I want to find rows in a dataset where the values in all columns, except for one, match. After much messing around trying unsuccessfully to get duplicated() to return all instances of the duplicate rows (not just the first instance), I figured out a way to do it (below).

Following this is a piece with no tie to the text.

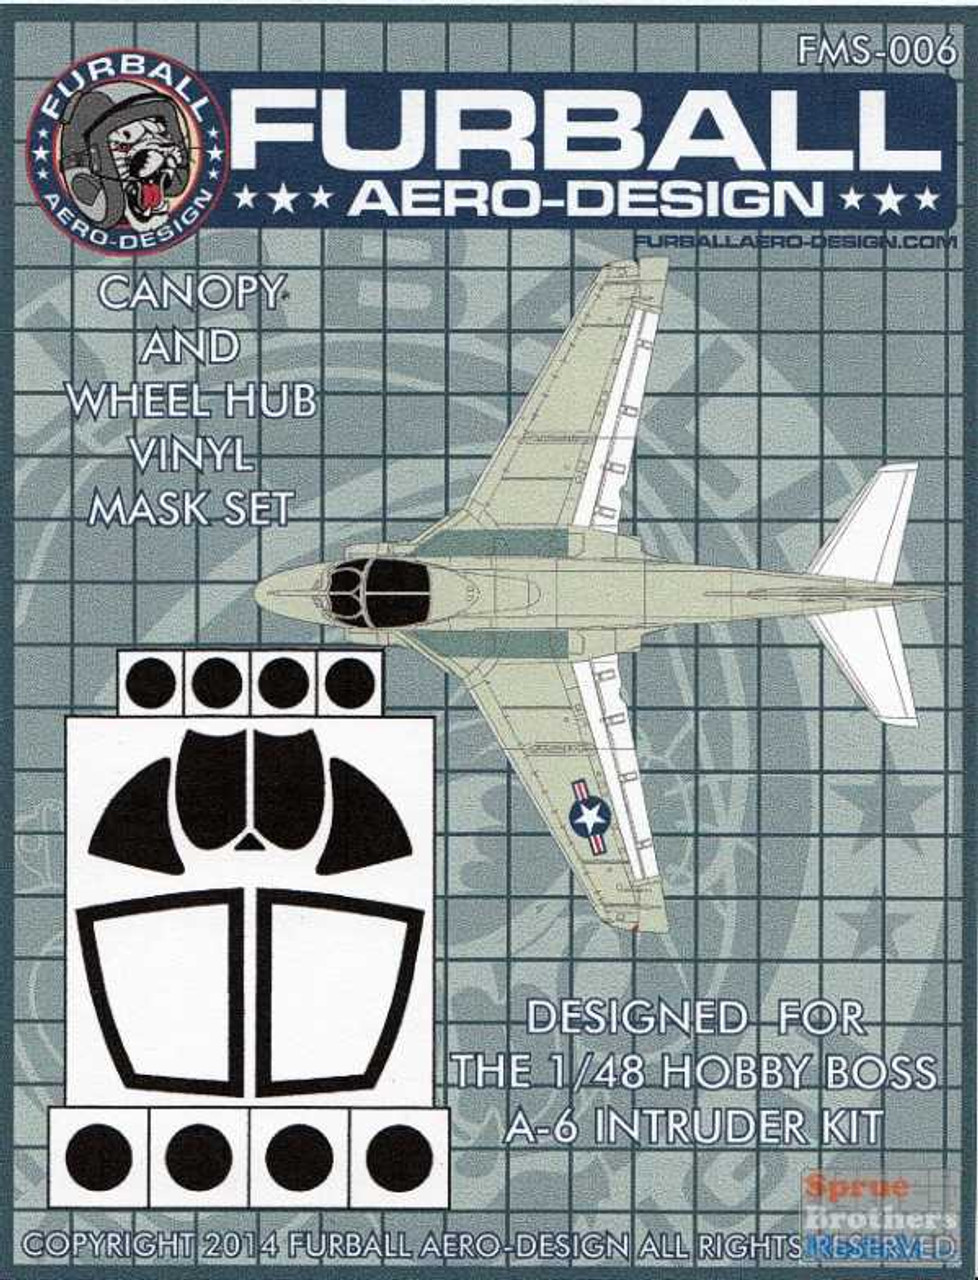 FURFMS006 1:48 Furball Aero Design Canopy & Wheel Hub Vinyl Mask Set for A-6 Intruder (HBS kit)

For example, I want to identify all rows in the Iris dataset that are equal except for Petal.Width.
require(tidyverse)
x = iris%>%select(-Petal.Width)
dups = x[x%>%duplicated(),]
answer = iris%>%semi_join(dups)
> answer
Sepal.Length Sepal.Width Petal.Length Petal.Width Species
1 5.1 3.5 1.4 0.2 setosa
2 4.9 3.1 1.5 0.1 setosa
3 4.8 3.0 1.4 0.1 setosa
4 5.1 3.5 1.4 0.3 setosa
5 4.9 3.1 1.5 0.2 setosa
6 4.8 3.0 1.4 0.3 setosa
7 5.8 2.7 5.1 1.9 virginica
8 6.7 3.3 5.7 2.1 virginica
9 6.4 2.8 5.6 2.1 virginica
10 6.4 2.8 5.6 2.2 virginica
11 5.8 2.7 5.1 1.9 virginica
12 6.7 3.3 5.7 2.5 virginica
As you can see, that works, but this is one of those times when I'm almost certain that lots other folks need this functionality, and that I'm ignorant of a single function that does this in fewer steps or a generally tidier way. Any suggestions?
An alternate approach, from at least two other posts, applied to this case would be:
answer = iris[duplicated(iris[-4]) | duplicated(iris[-4], fromLast = TRUE),]
But that also seems like just a different workaround instead of single function. Both approaches take the same amount of time. (0.08 sec on my system). Is there no neater/faster way of doing this?
e.g. something like
iris%>%duplicates(all=TRUE,ignore=Petal.Width)
iris[duplicated(iris[,-4]) | duplicated(iris[,-4], fromLast = TRUE),]
Of duplicate rows (regardless of column 4) duplicated(iris[,-4]) gives the second row of the duplicate sets, rows 18, 35, 46, 133, 143 & 145, and duplicated(iris[,-4], fromLast = TRUE) gives the first row per duplicate set, 1, 10, 13, 102, 125 and 129. By adding | this results in 12 TRUEs, so it returns the expected output.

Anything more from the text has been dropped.